__Material provided__
Start of Block

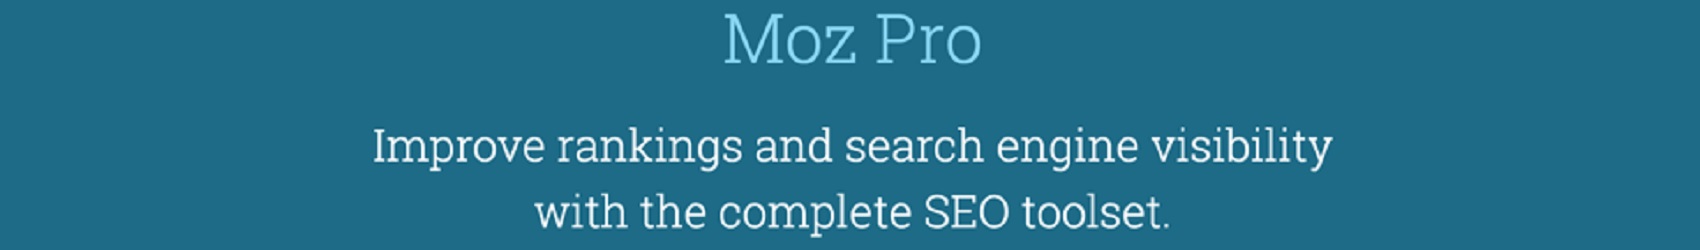 Group Buy MozPro 
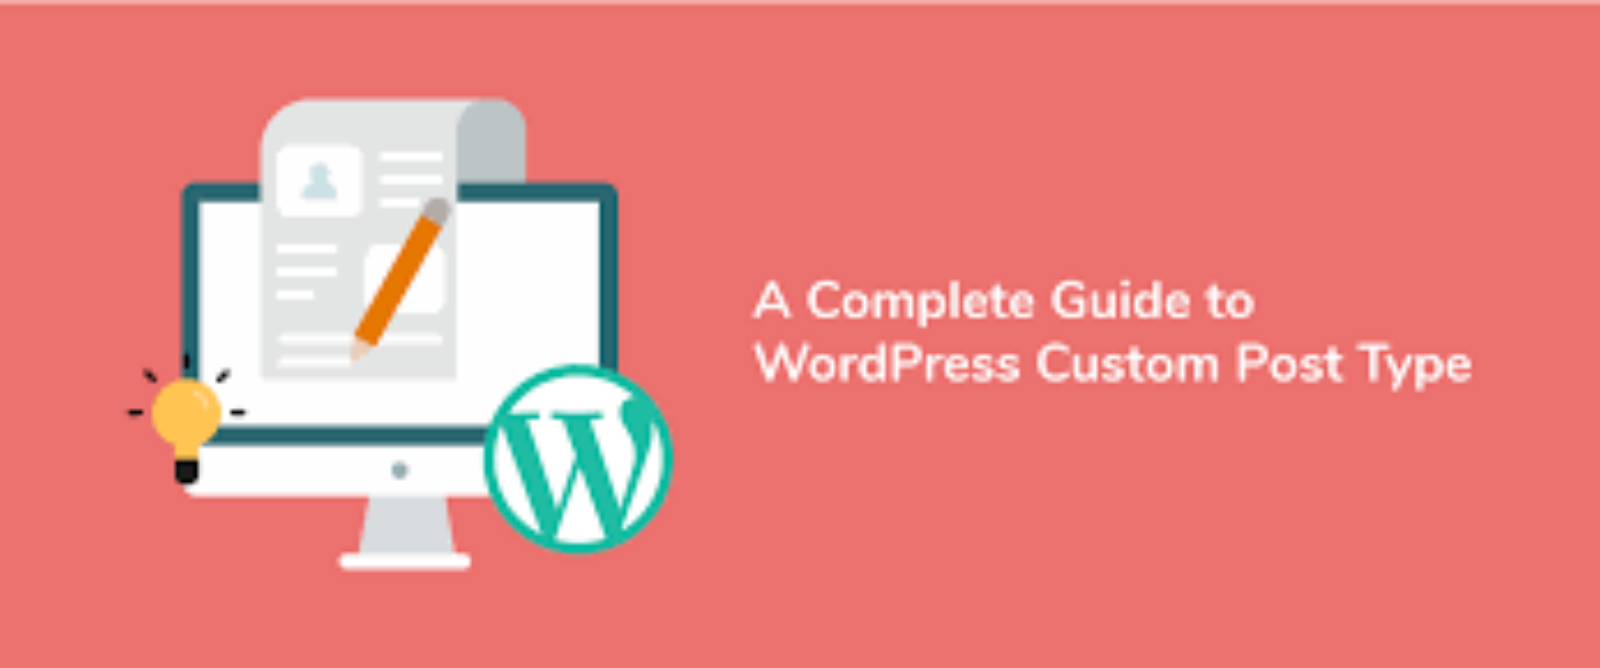 Understanding Custom Post Types in WordPress | Complete Guide
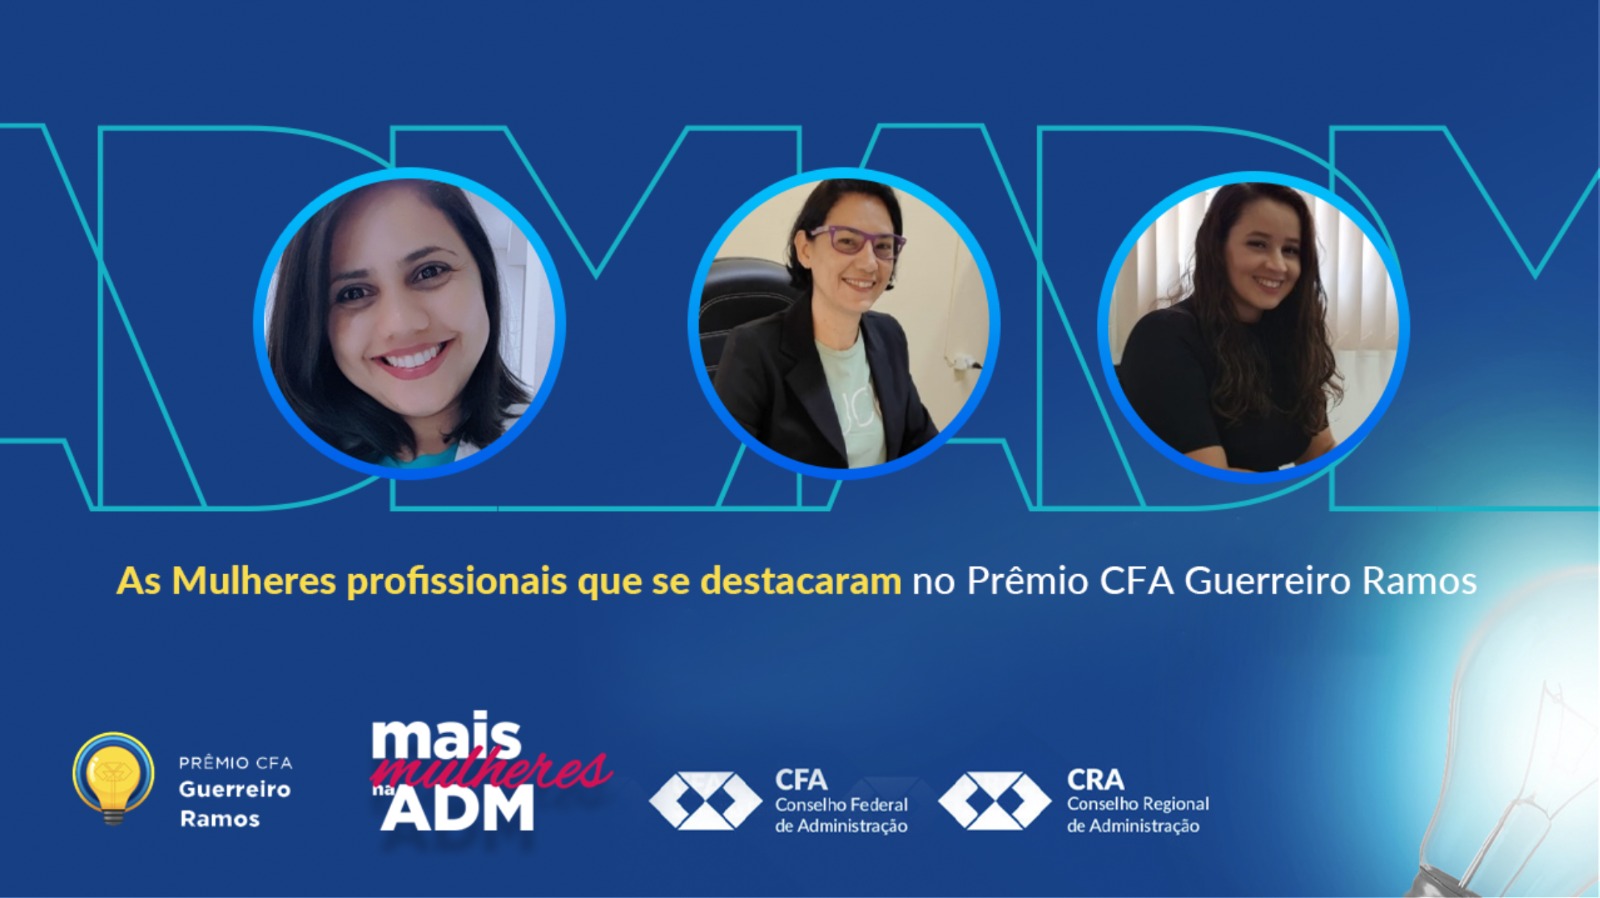 Você está visualizando atualmente No mês da mulher, conheça as profissionais que se destacaram no Prêmio CFA Guerreiro Ramos
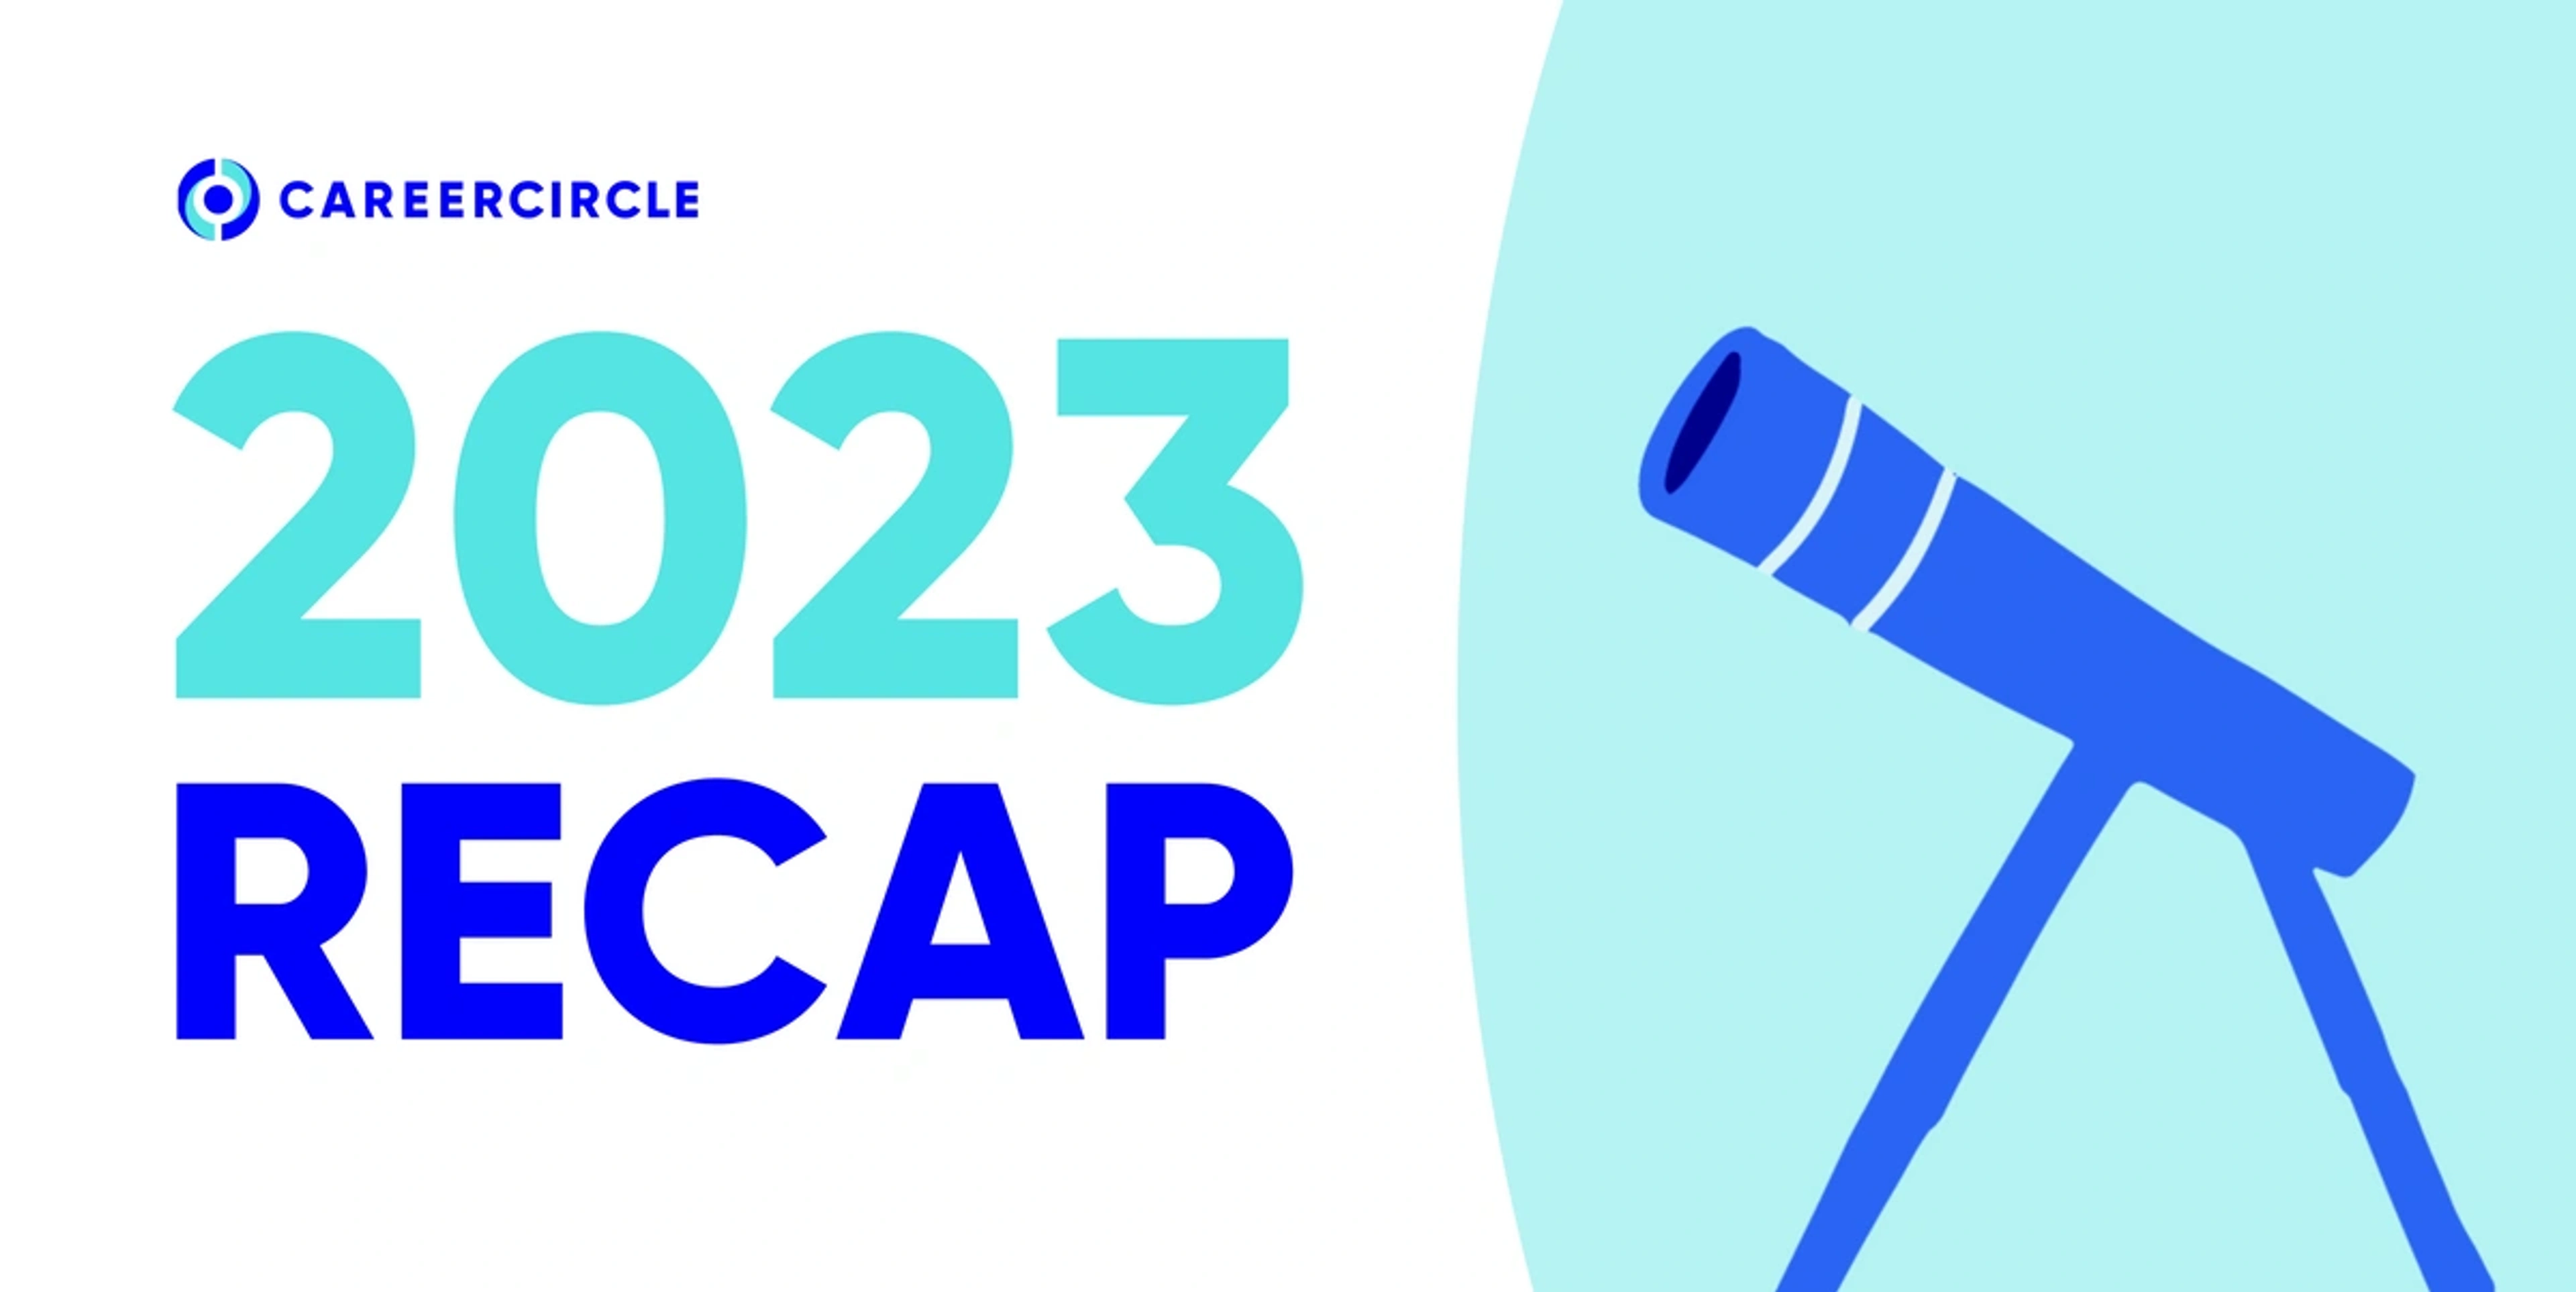 telescope image, 2023 recap text, career circle logo

End of Block

__Your task__
From the line that contains "Você está visualizando" to the end of the material above, output every line exactly, both ends included, but leave out any pictures.

__Response__
 Você está visualizando atualmente No mês da mulher, conheça as profissionais que se destacaram no Prêmio CFA Guerreiro Ramos
 telescope image, 2023 recap text, career circle logo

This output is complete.